It's Still Christmas

It is now January 3, and most people are glad to be able to forget the busyness of Christmas, and to get on with life, whatever "getting on with life" may mean. But contrary to popular conception, we're still in the Christmas season. According to the traditional Western Church calendar, this is the Tenth Day of Christmas (you know, with those Lords a-Leaping). Christmas officially ends with January 6th, which is Epiphany, the celebration of the visitation of the Wise Men to Jesus.

There are, in our time and place, two ways of ordering time. One is the secular calendar. It begins its calendar year on January 1st, and is a blending of sacred and secular holidays, all of which exist to serve the interests of the State. Then there is the traditional Church calendar. It begins with Advent, the season preceding Christmas.

It is commonly thought that Christmas season is the time after Thanksgiving, leading up to Christmas Day, and ending with December 25. Accordingly, it is common for radio and TV stations broadcasting special Christmas programming to cease doing so the day after Christmas. But this approach to the season has been dictated by the marketing gurus of our society. Their interests intersect our own only insofar as they can benefit monetarily off of us.
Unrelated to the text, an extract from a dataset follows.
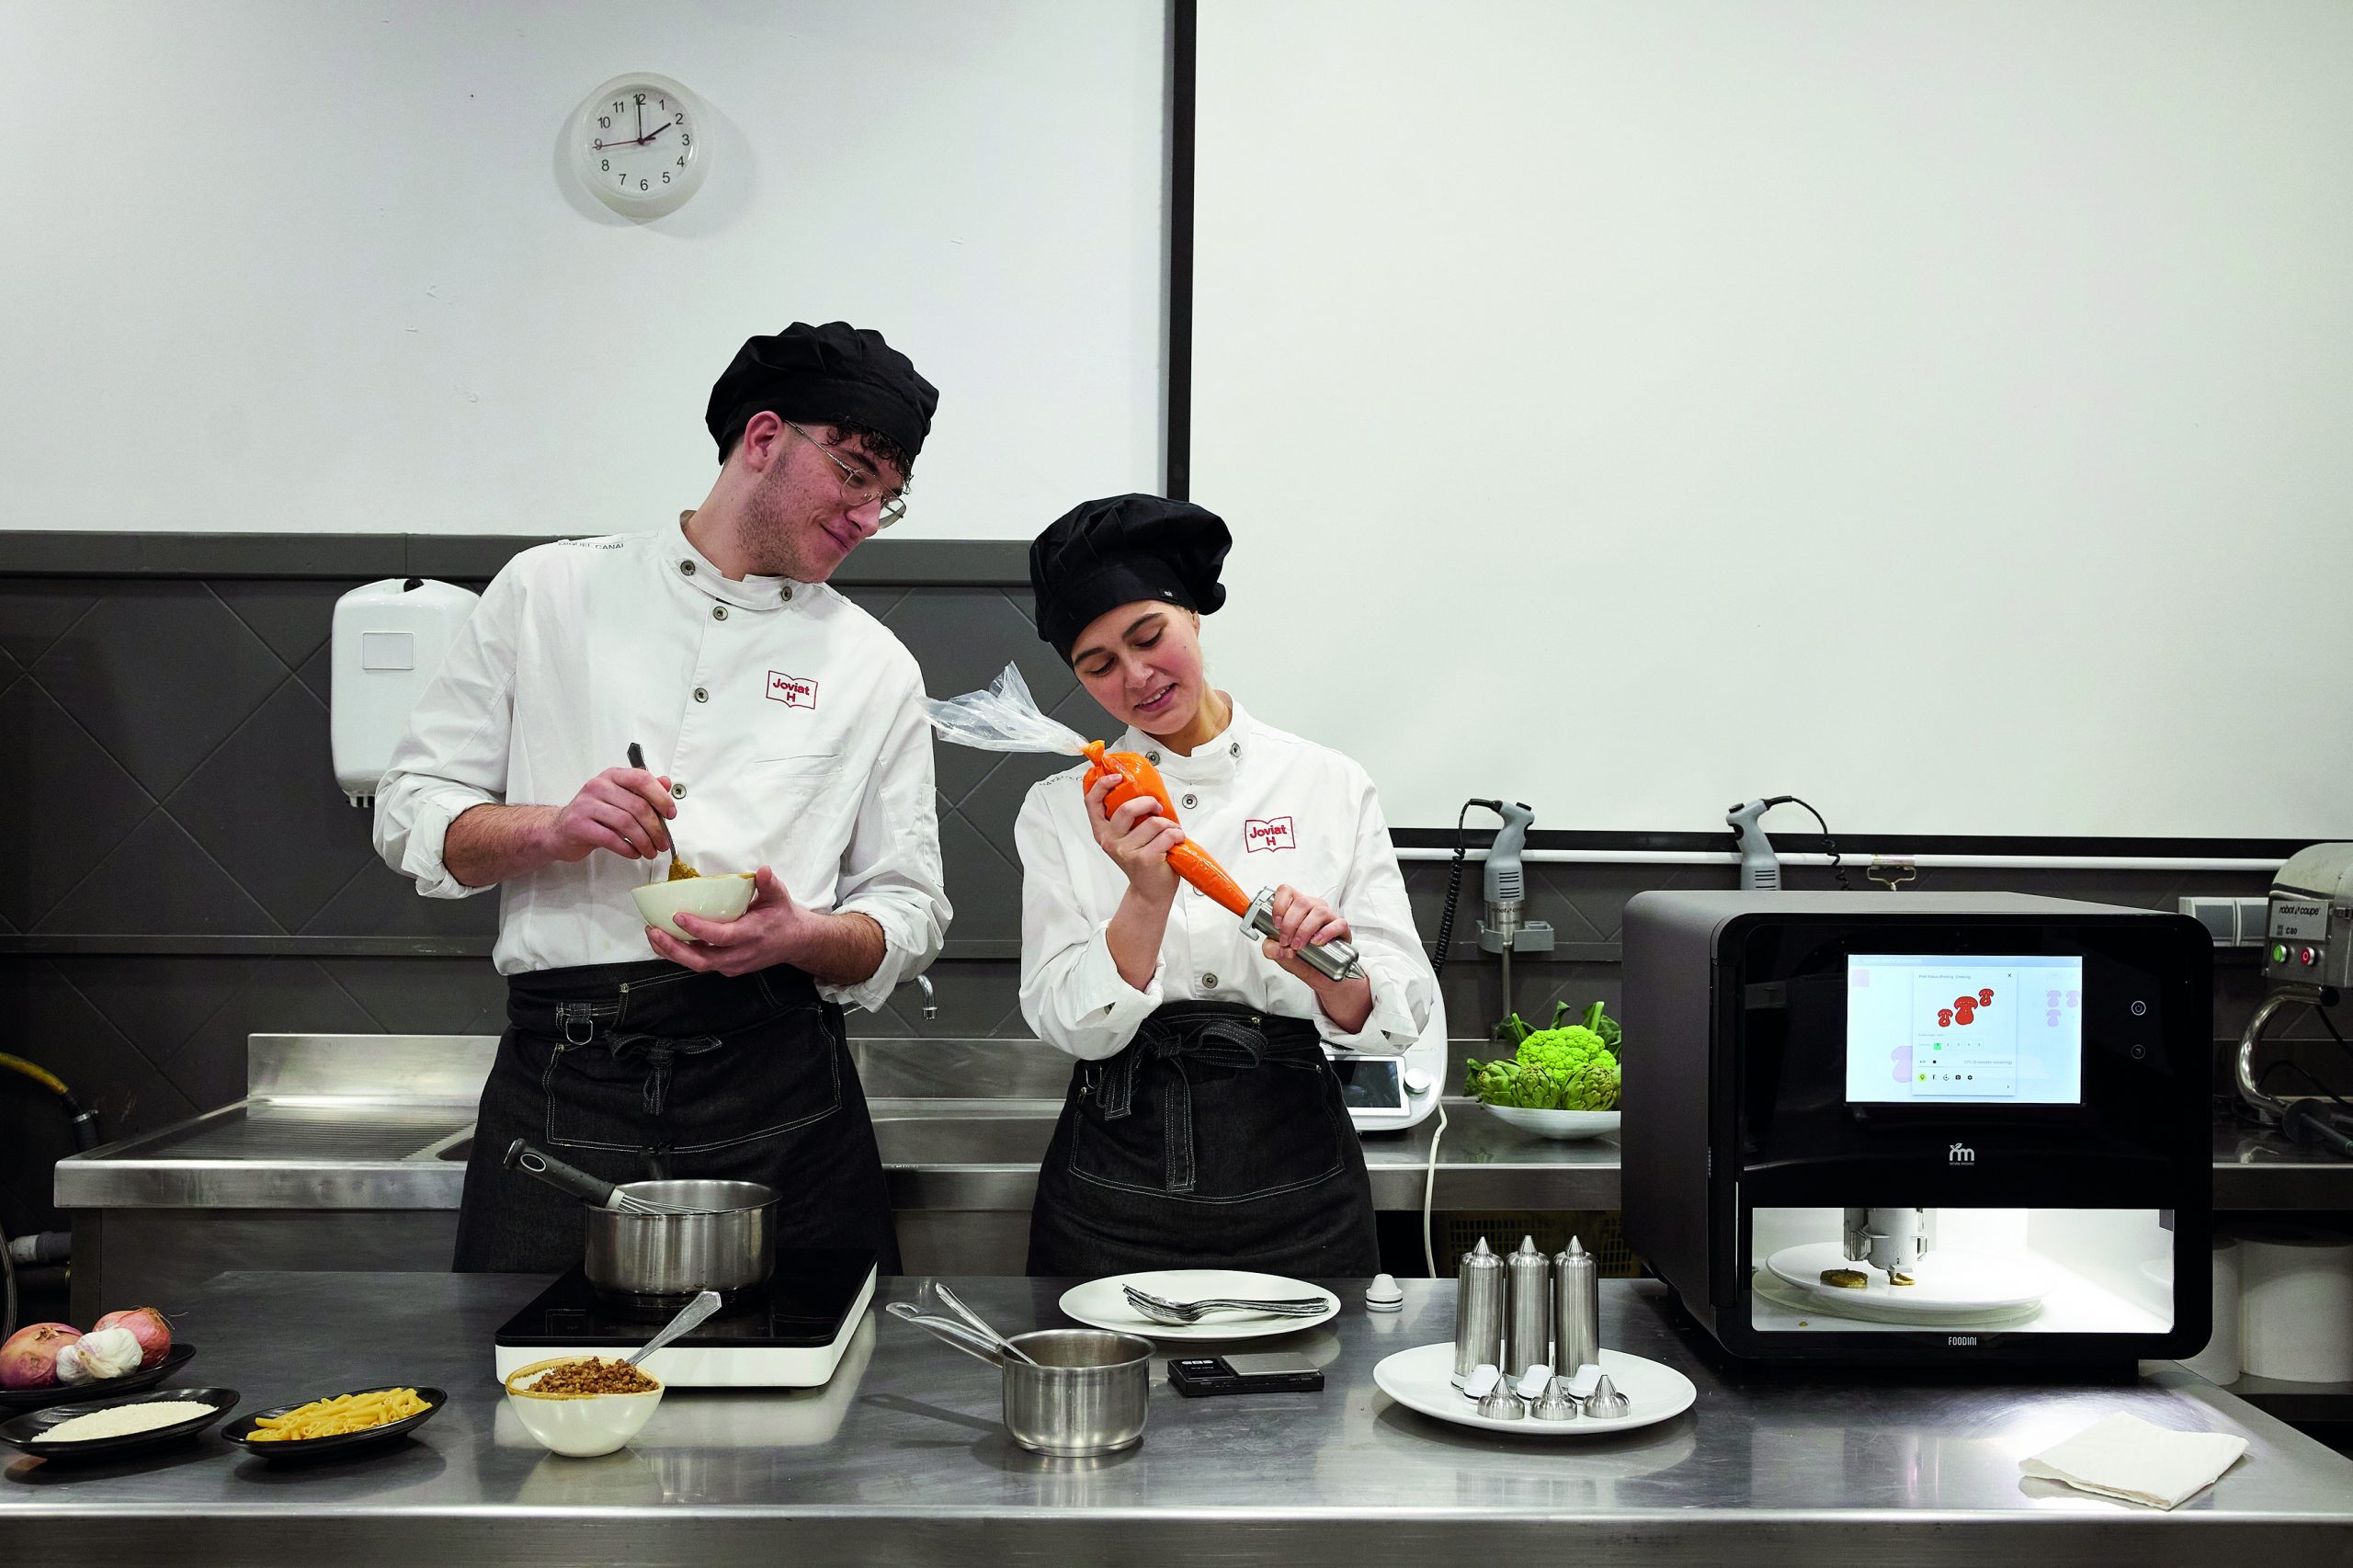 Dos estudiantes experimentand con la impresora 3D de comida

Sadly, the church calendar has at times been used in a similar way. Rather than educating the laity in Scripture's teaching on Christian devotion, sub-Biblical devotional practices often arose, sometimes merely as a way to keep the people in line. It's much easier to control people when they are ignorant, after all. Some teachings contrary to Scripture, such as the notion of the canonization of certain individuals as saints, supererogatory works and the treasury of merits, linked closely with a faulty notion of salvation, were tied in to the idea of days devoted to certain saints. Observance of certain days were required for salvation, and observance of other days served as an aid for a quicker escape from Purgatory.

Let me state clearly that I oppose all such notions. As a son of the Reformation, the observance of the church calendar is something I consider to be optional. But I also believe throwing the baby out with the bath water is out of order here, too. There are certain benefits to observing a church calendar that I think should be preserved. And it is perfectly possible to observe the calendar on some level without resulting in the false teachings of the medieval church. It is even possible to observe days dedicated to certain godly men and women of church history without holding to the false notions of salvation linked to them. We celebrate birthdays, not only of those who are living, but also of those who are dead (such as Presidents' Day). Why is it not even more appropriate to celebrate the history of those saints who have died before us?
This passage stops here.